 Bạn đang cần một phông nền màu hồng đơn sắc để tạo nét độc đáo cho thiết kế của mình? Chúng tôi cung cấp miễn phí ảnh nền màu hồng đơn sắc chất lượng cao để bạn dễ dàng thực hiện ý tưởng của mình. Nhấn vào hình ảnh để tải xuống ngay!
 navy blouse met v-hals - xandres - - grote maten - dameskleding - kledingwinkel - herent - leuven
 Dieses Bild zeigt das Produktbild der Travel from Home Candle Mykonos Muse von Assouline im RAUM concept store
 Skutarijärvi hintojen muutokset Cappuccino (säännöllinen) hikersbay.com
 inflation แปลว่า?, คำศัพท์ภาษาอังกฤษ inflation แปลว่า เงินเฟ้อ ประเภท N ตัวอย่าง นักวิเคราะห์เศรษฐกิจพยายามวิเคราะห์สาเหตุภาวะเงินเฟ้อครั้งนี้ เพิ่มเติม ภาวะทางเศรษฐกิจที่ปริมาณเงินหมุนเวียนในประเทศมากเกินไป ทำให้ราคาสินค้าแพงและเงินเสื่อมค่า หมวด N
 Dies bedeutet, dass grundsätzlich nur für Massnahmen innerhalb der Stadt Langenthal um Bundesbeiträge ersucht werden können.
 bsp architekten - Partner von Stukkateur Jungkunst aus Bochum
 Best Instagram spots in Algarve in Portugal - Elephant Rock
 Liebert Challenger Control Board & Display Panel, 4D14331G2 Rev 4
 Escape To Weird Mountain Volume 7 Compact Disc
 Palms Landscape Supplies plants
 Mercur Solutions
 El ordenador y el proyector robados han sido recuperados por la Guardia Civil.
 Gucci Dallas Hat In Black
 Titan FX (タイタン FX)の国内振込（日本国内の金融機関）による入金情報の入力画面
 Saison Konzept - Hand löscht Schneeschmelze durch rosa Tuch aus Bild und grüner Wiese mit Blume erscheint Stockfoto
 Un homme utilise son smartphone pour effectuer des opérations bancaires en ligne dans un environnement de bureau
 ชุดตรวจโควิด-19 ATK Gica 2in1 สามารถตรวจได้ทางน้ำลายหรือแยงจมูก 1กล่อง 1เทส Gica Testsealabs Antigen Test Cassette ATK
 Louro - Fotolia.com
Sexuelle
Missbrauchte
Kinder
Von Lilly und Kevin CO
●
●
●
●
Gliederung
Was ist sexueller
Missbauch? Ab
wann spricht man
:::
Search the preceding listing for "Bild", then copy every line that holds it.

 Dieses Bild zeigt das Produktbild der Travel from Home Candle Mykonos Muse von Assouline im RAUM concept store
 Saison Konzept - Hand löscht Schneeschmelze durch rosa Tuch aus Bild und grüner Wiese mit Blume erscheint Stockfoto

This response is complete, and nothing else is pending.